Although the Committee may use any of the above performance metrics, the Committee shall generally set one or more of such performance metrics for each potential Bonus Award not later than the 90th day after the beginning of the Performance Period. The Committee may determine to exclude certain adjustments, one-time taxes and other charges from the performance metrics to the extent they are determined to be excluded by the Committee generally no later than 90 days after the beginning of the Performance Period.

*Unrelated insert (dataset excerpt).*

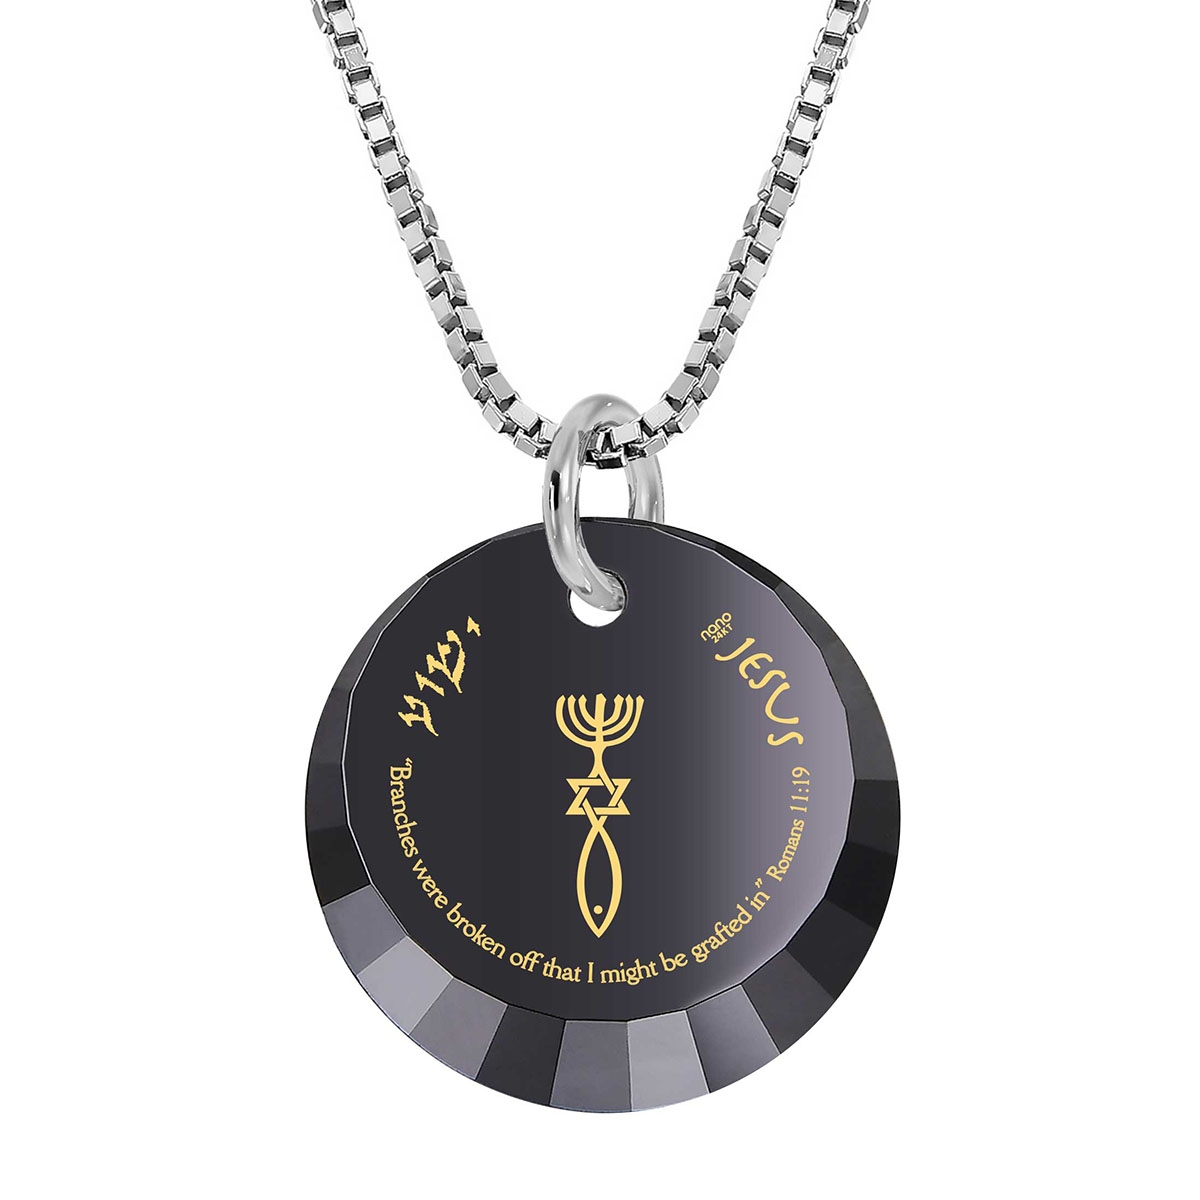 Nano Jewelry Sterling Silver & Gemstone Grafted-In Necklace with 24K Gold Micro-Inscription (Black) - 1
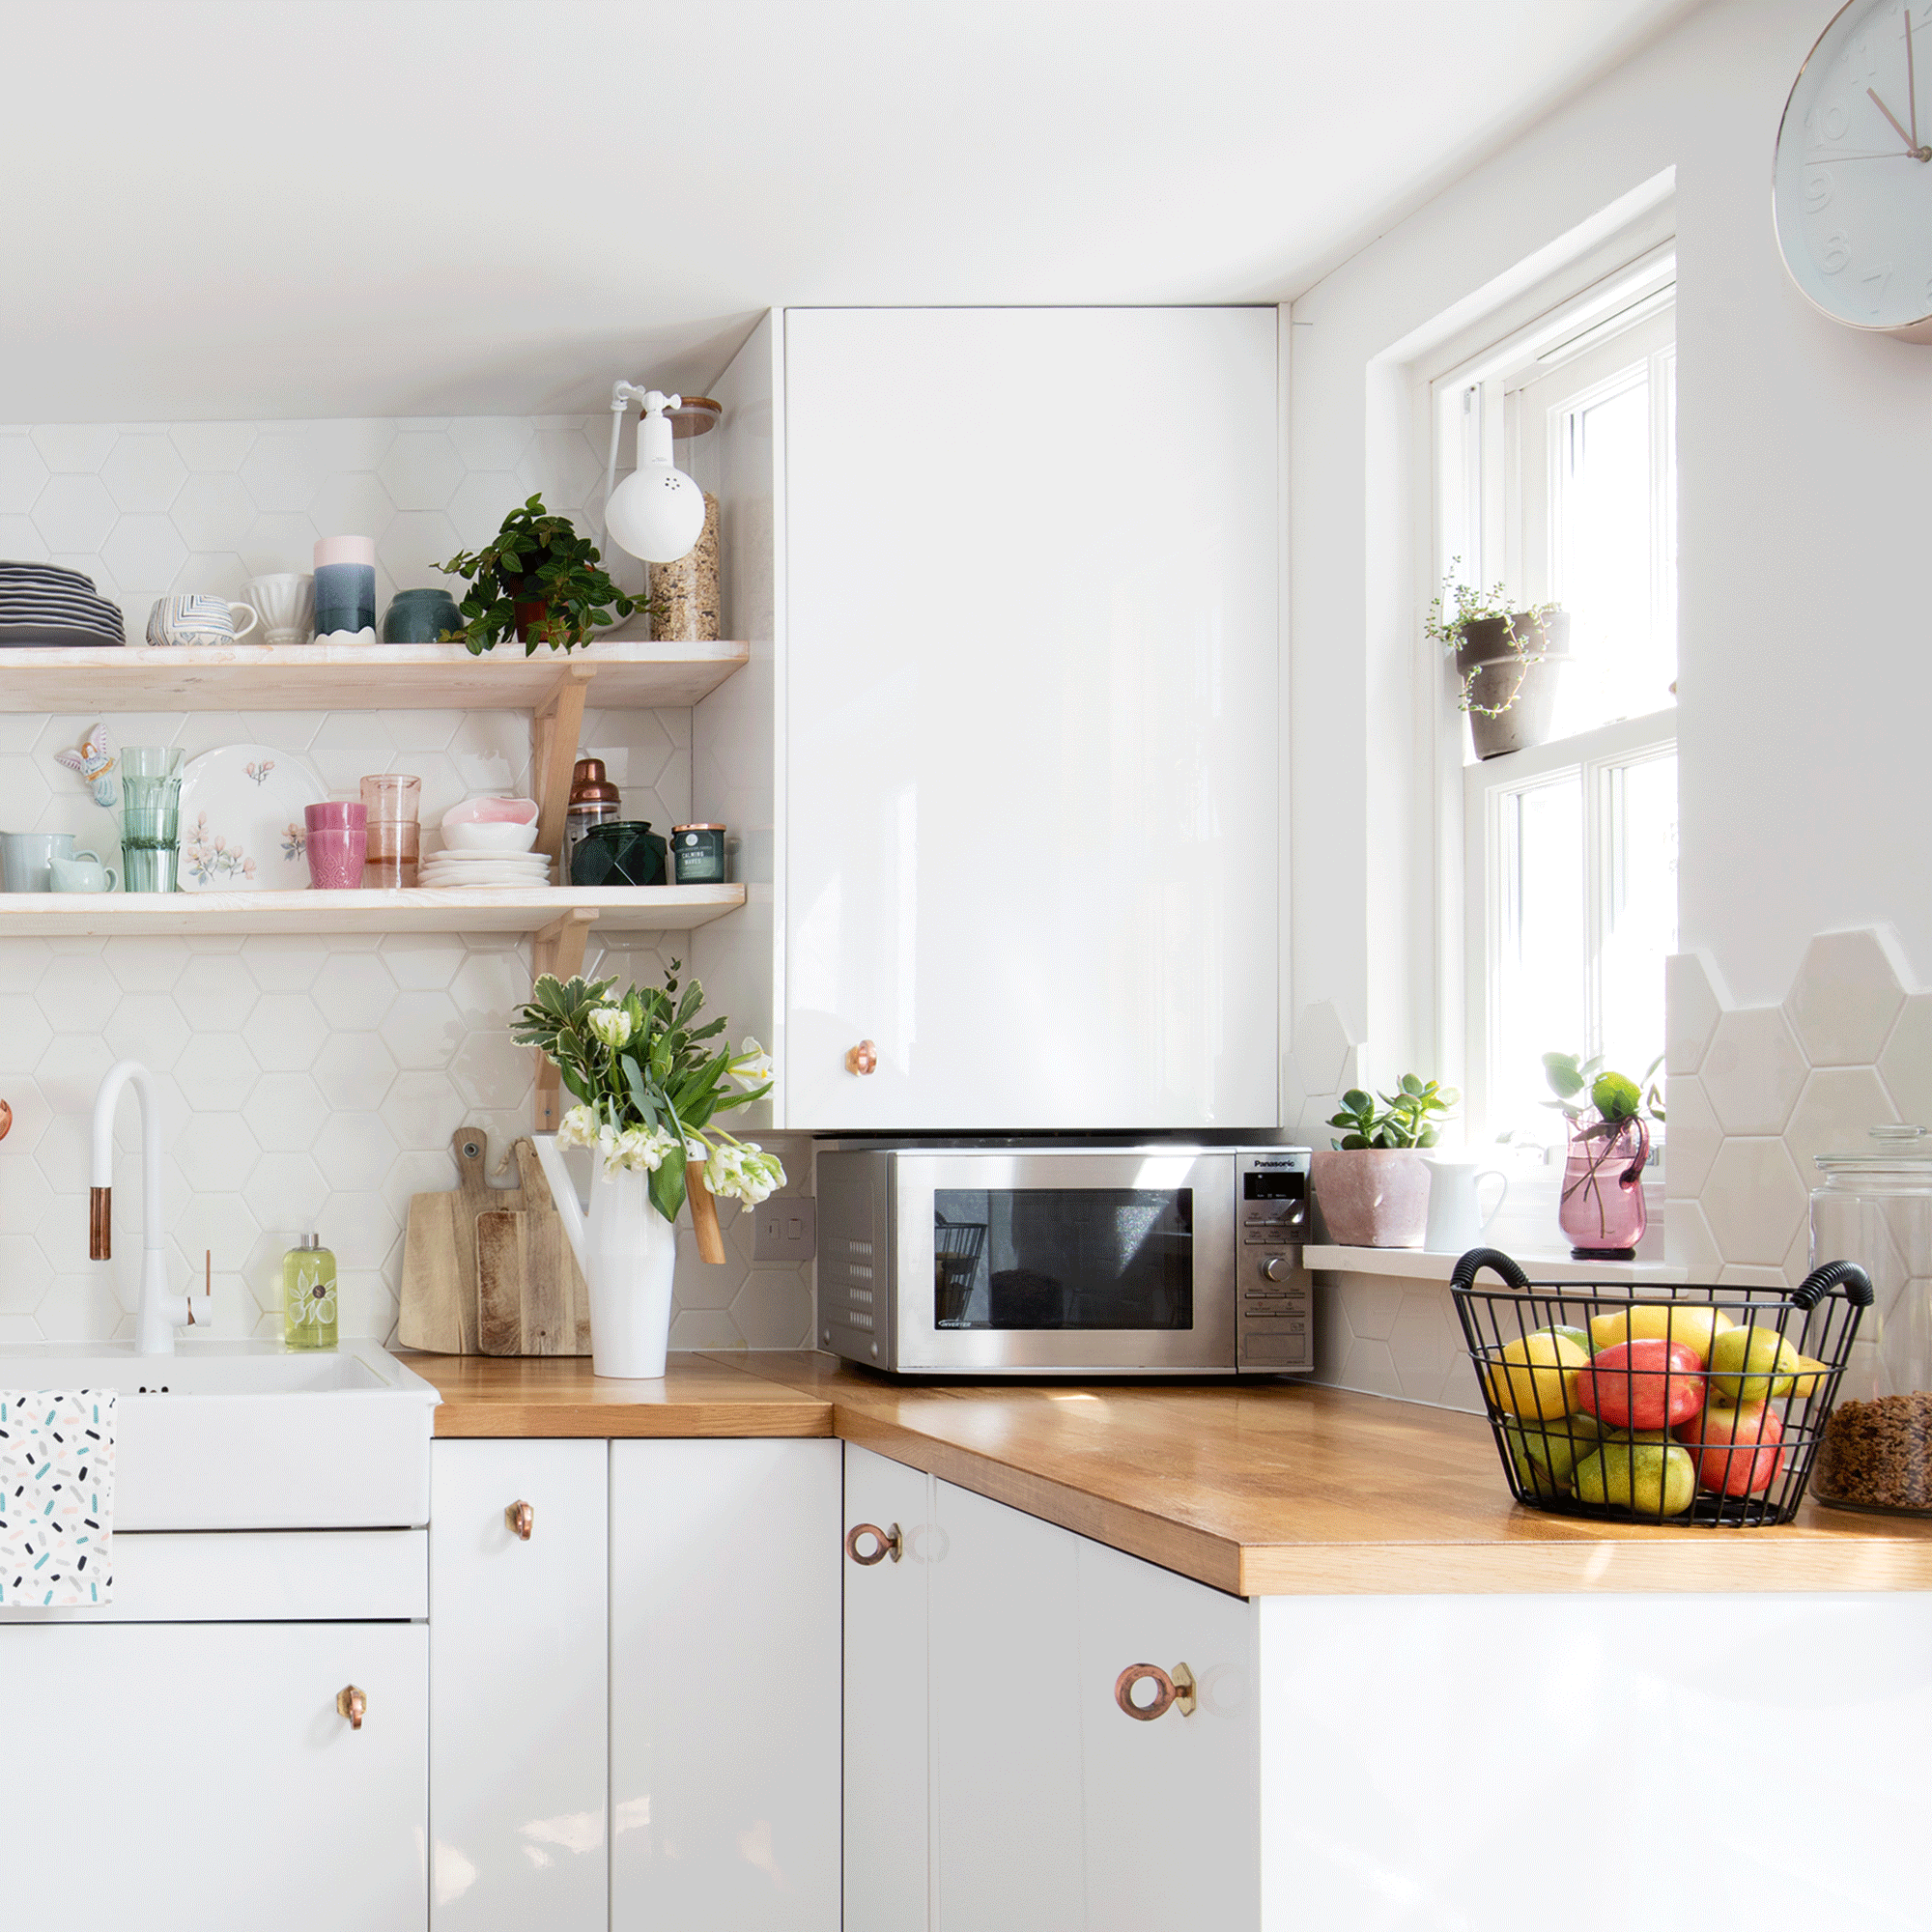 White kitchen with wooden counters and microwave

Notwithstanding any other provision of the Plan, if the Committee determines that a potential Bonus Award need not be qualified as performance based compensation under Section 162(m) of the Internal Revenue Code, as amended, the Committee may modify the performance metrics, the weighting of performance metrics, the annual targets, threshold, target and stretch performance levels and any other terms of such potential Bonus Award at any time during the Plan Term, including after the first 90 days of a Plan Term. Furthermore, the Committee, in its sole and absolute discretion, may change Performance Periods based on market, business or other conditions.

 

Only the Committee has the ability to modify the Plan, and all modifications to the Plan related to the CEO must be reviewed by the Board of Directors.  Except for certain limited exceptions with respect to CIC Agreements (as discussed above) and employment agreements (as discussed below), this Plan document supersedes any prior communications or previous document you may have received. In the event of any conflict between a Selected Participant’s employment agreement with the Company and this Plan, the terms of the Participant’s employment agreement will control for those provisions that do not relate to annual bonus incentive compensation.

 

 

The Company shall not be required to fund or otherwise segregate any cash or any other assets which may at any time be paid to Selected Participants under the Plan.  The Plan shall constitute an “unfunded” plan of the Company.

 

In the event any provision of the Plan shall be held illegal or invalid for any reason, the illegality or invalidity shall not affect the remaining parts of the Plan, and the Plan shall be construed and enforced as if the illegal or invalid provision had not been included. Any questions regarding this Plan should be directed to the Human Resources department.

 

Terms and Conditions - United States Only

This Plan does not constitute a guarantee of work, job status or employment for any period of time.  Your employment at Advanced Energy Industries, Inc. or its affiliate is at will and either you or the Company or affiliate may terminate the relationship at any time.  This document is not intended to create a contract of employment or commitment of ongoing payment, express or implied.